WHAT THE TASK ASKS:
The copy should hold exactly the lines below from the one that contains "A pile of sweet" through the one that contains "The Benefits of" and nothing else, so no pictures.

DATASET CONTENT:
=== Section Start ===

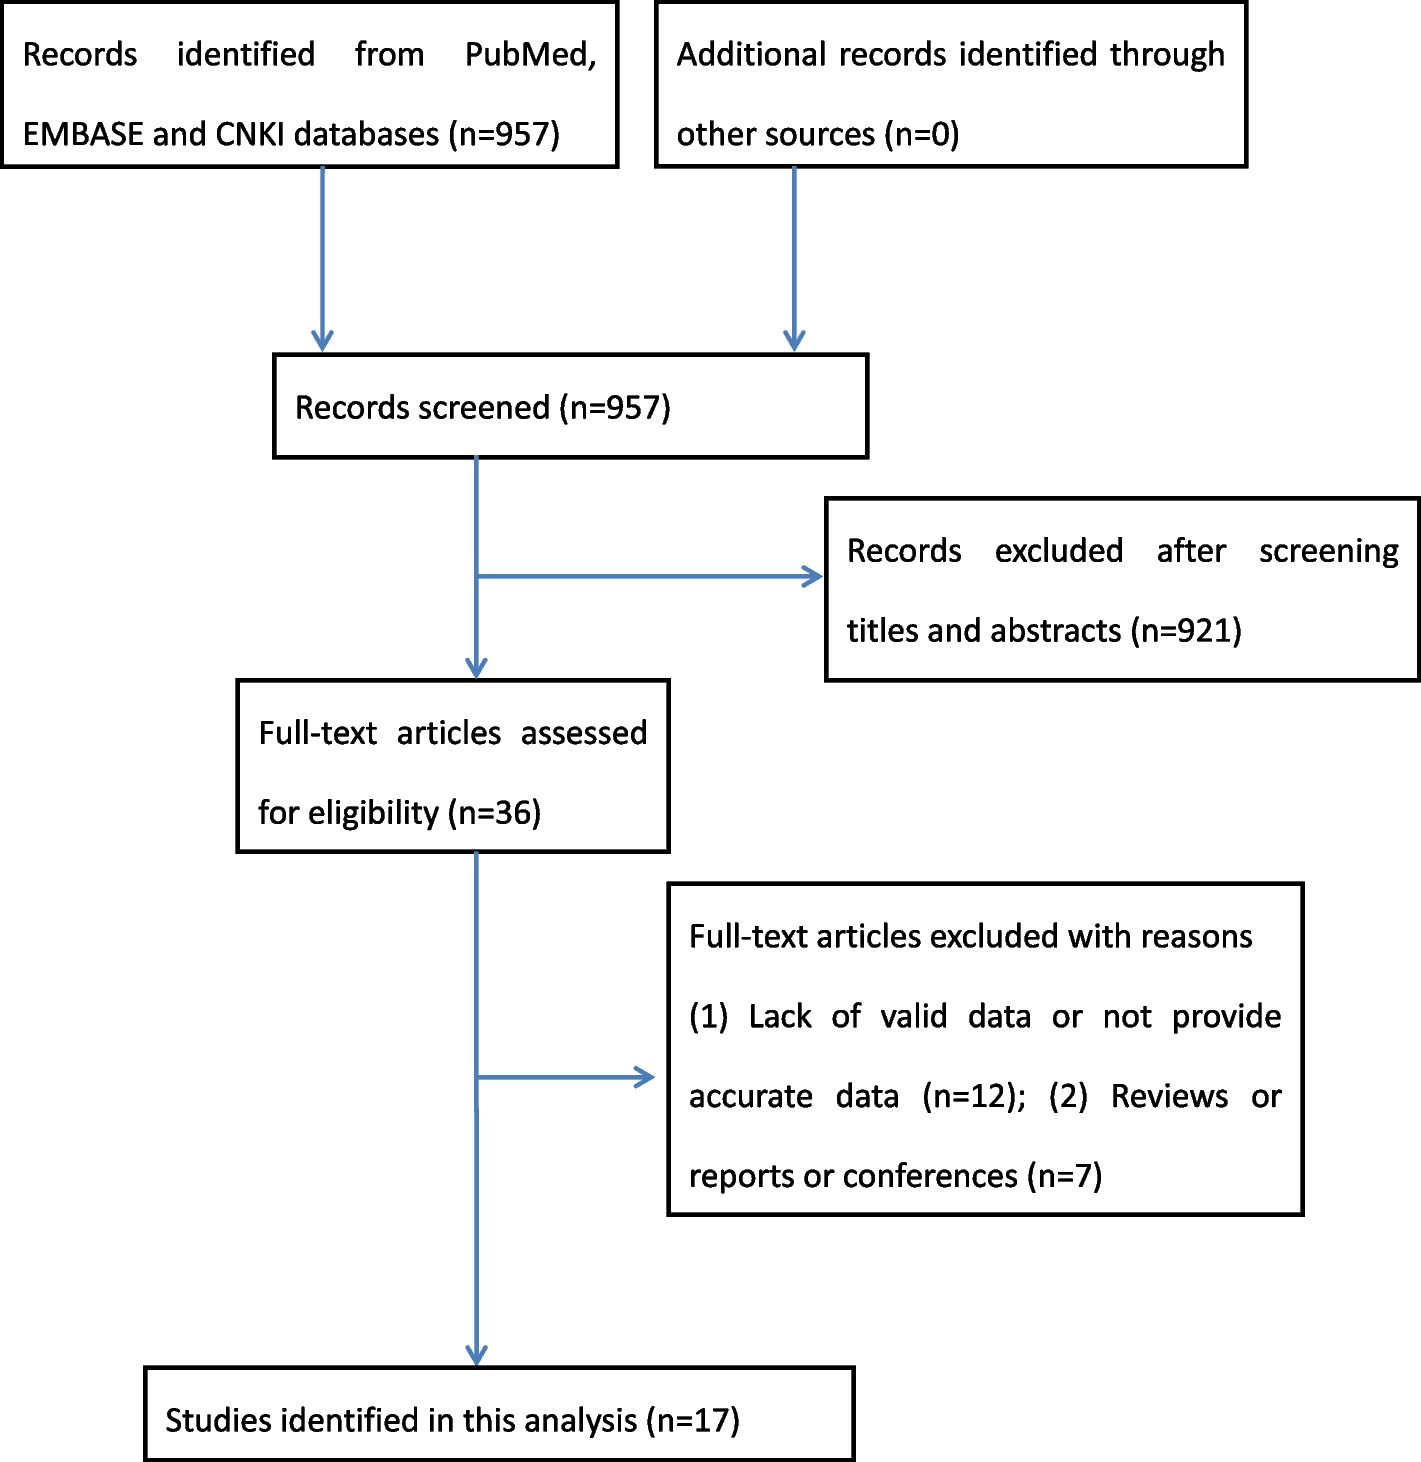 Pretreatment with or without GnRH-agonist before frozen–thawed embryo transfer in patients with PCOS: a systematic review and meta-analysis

=== Section End ===
=== Section Start ===

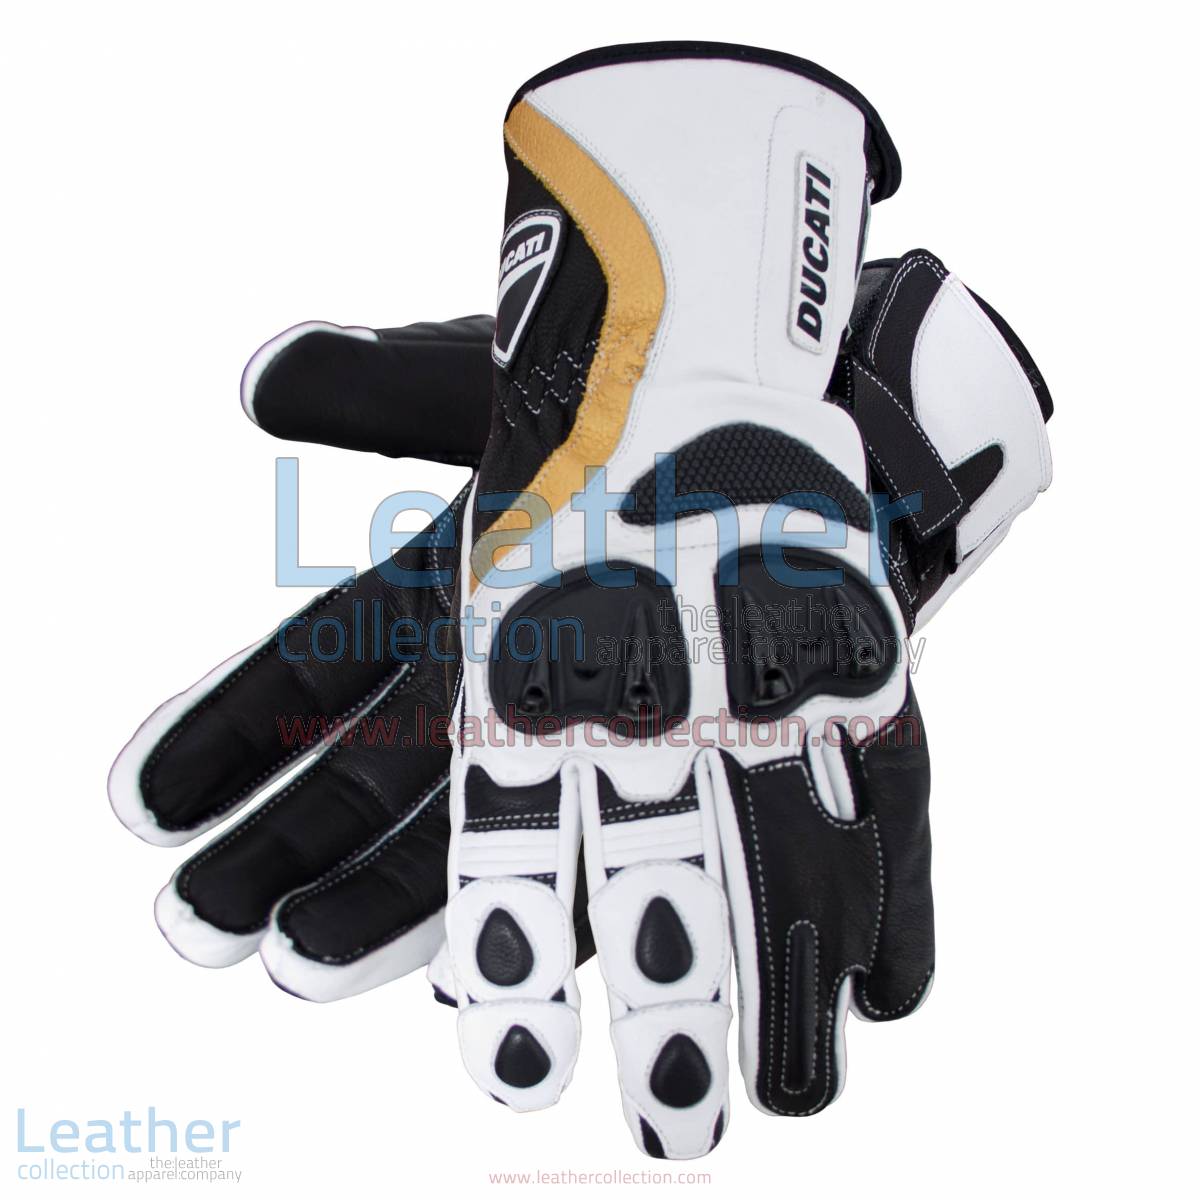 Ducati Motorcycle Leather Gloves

=== Section End ===
=== Section Start ===

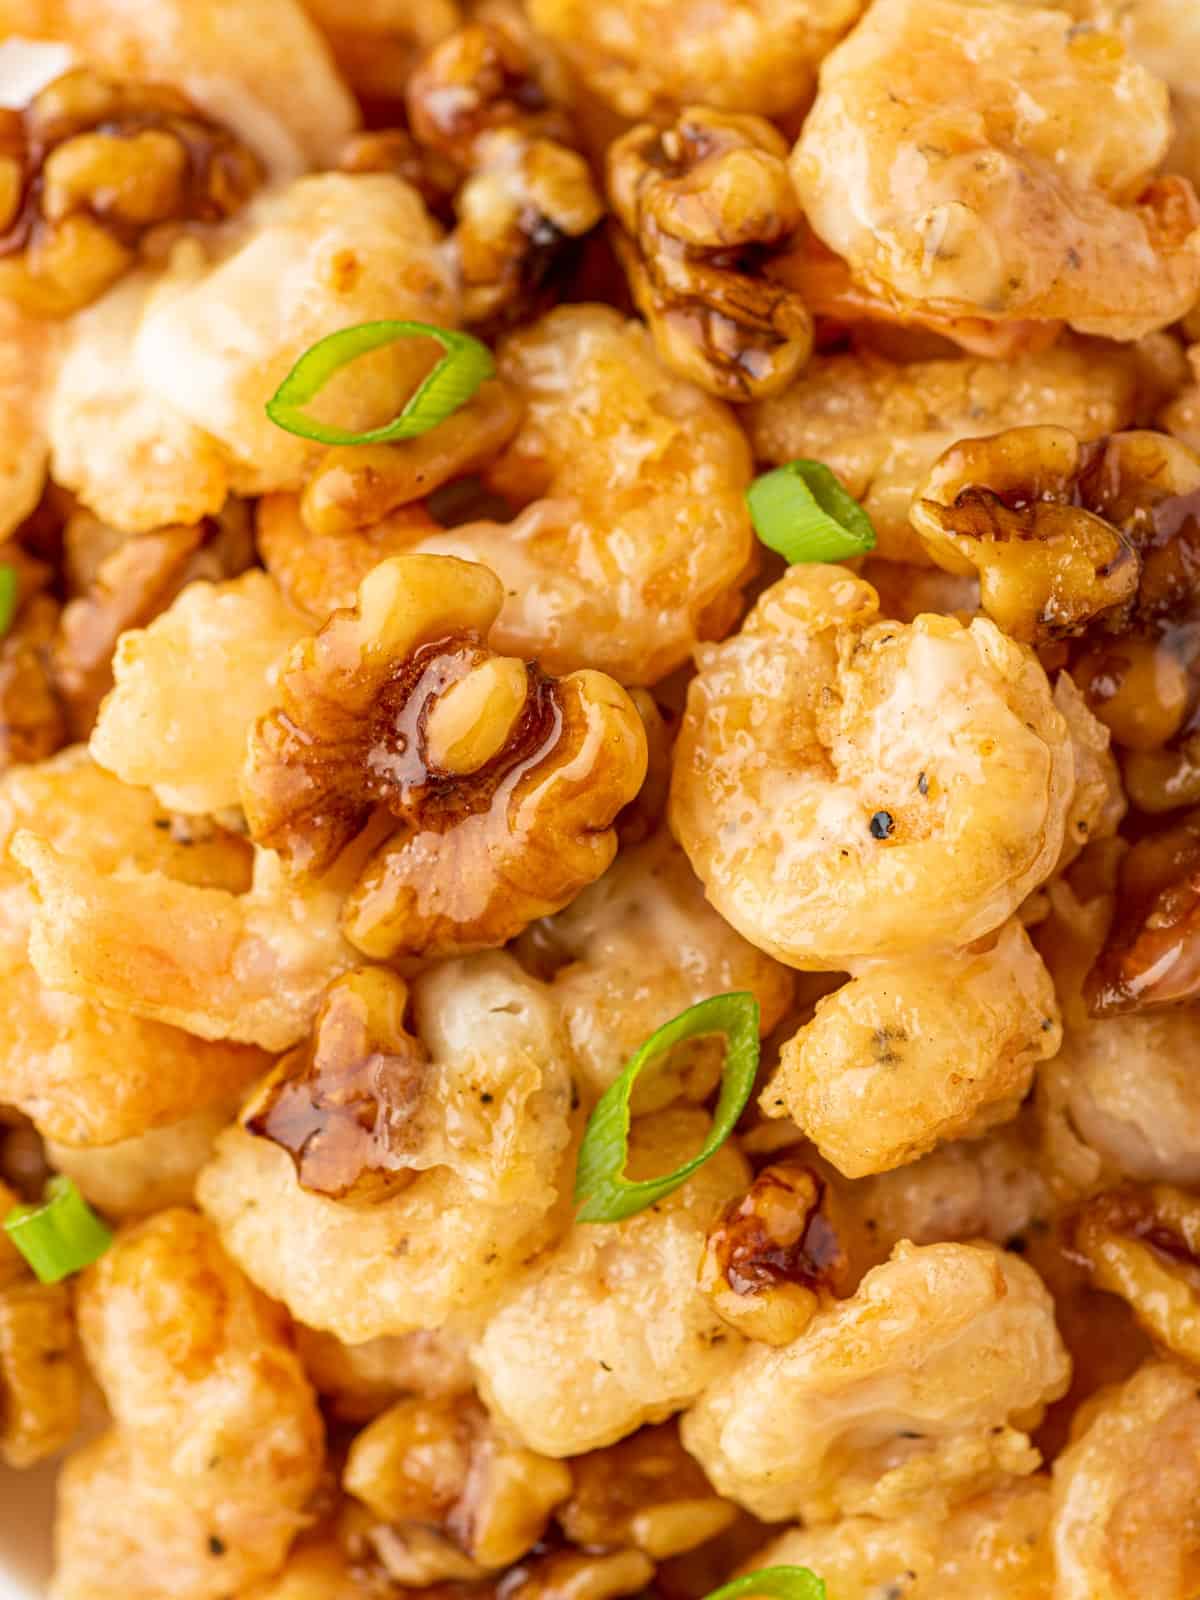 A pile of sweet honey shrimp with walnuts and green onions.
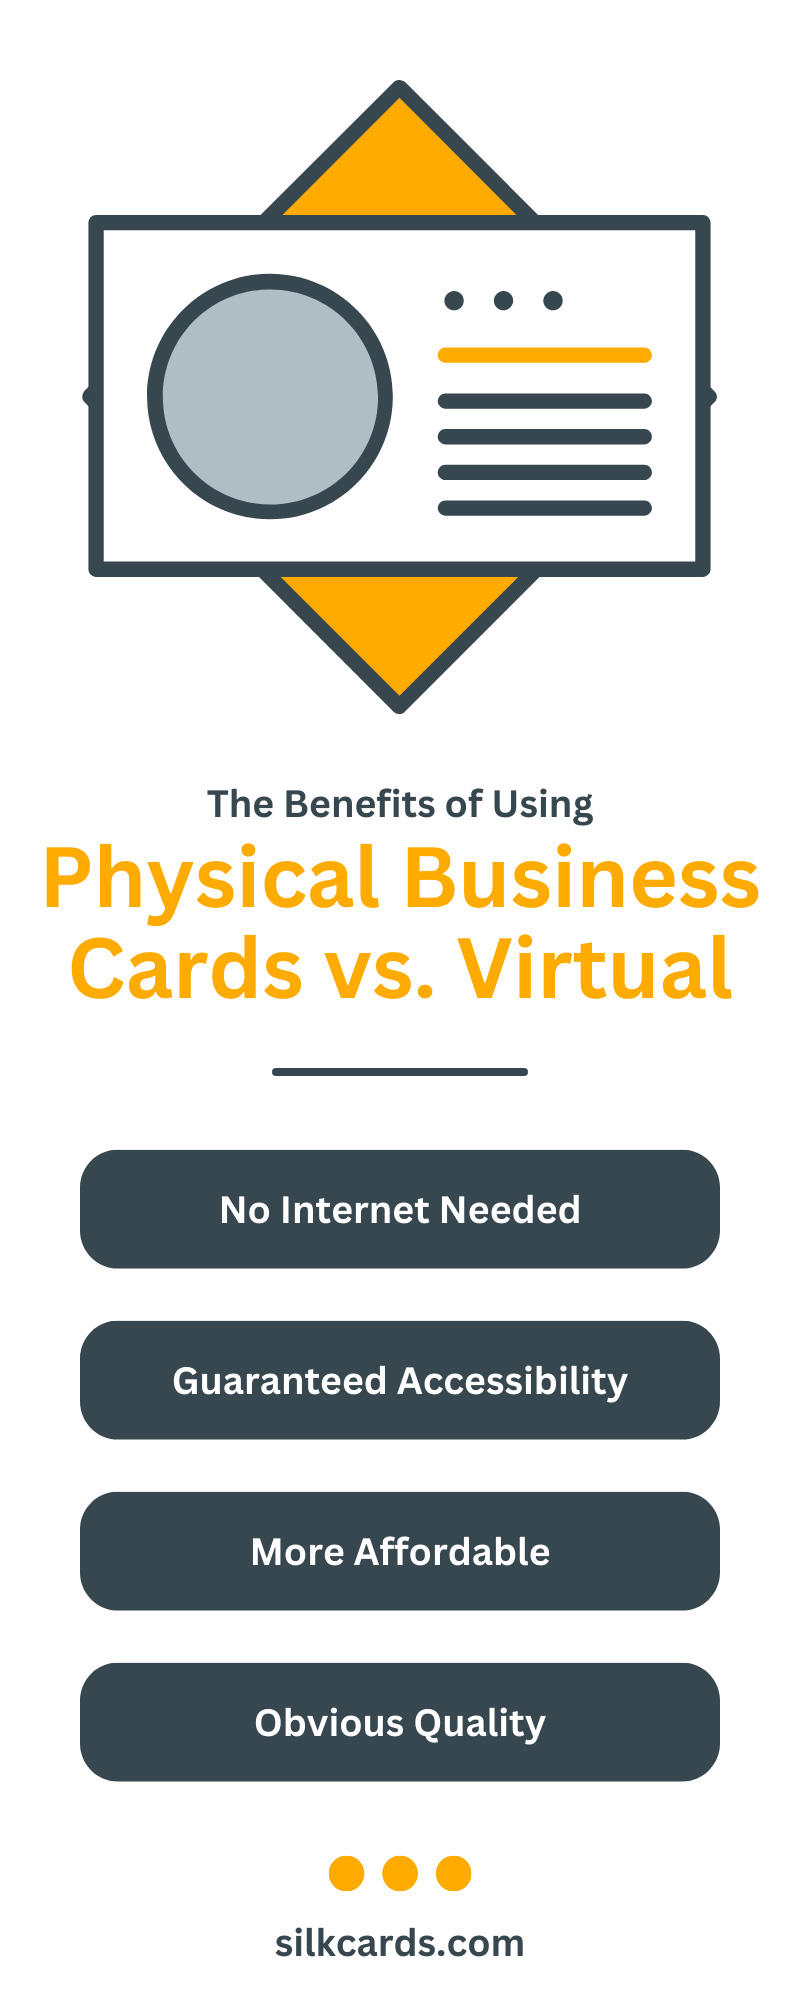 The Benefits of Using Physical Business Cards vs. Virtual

=== Section End ===

RESULT OF THIS TASK:
 A pile of sweet honey shrimp with walnuts and green onions.
 The Benefits of Using Physical Business Cards vs. Virtual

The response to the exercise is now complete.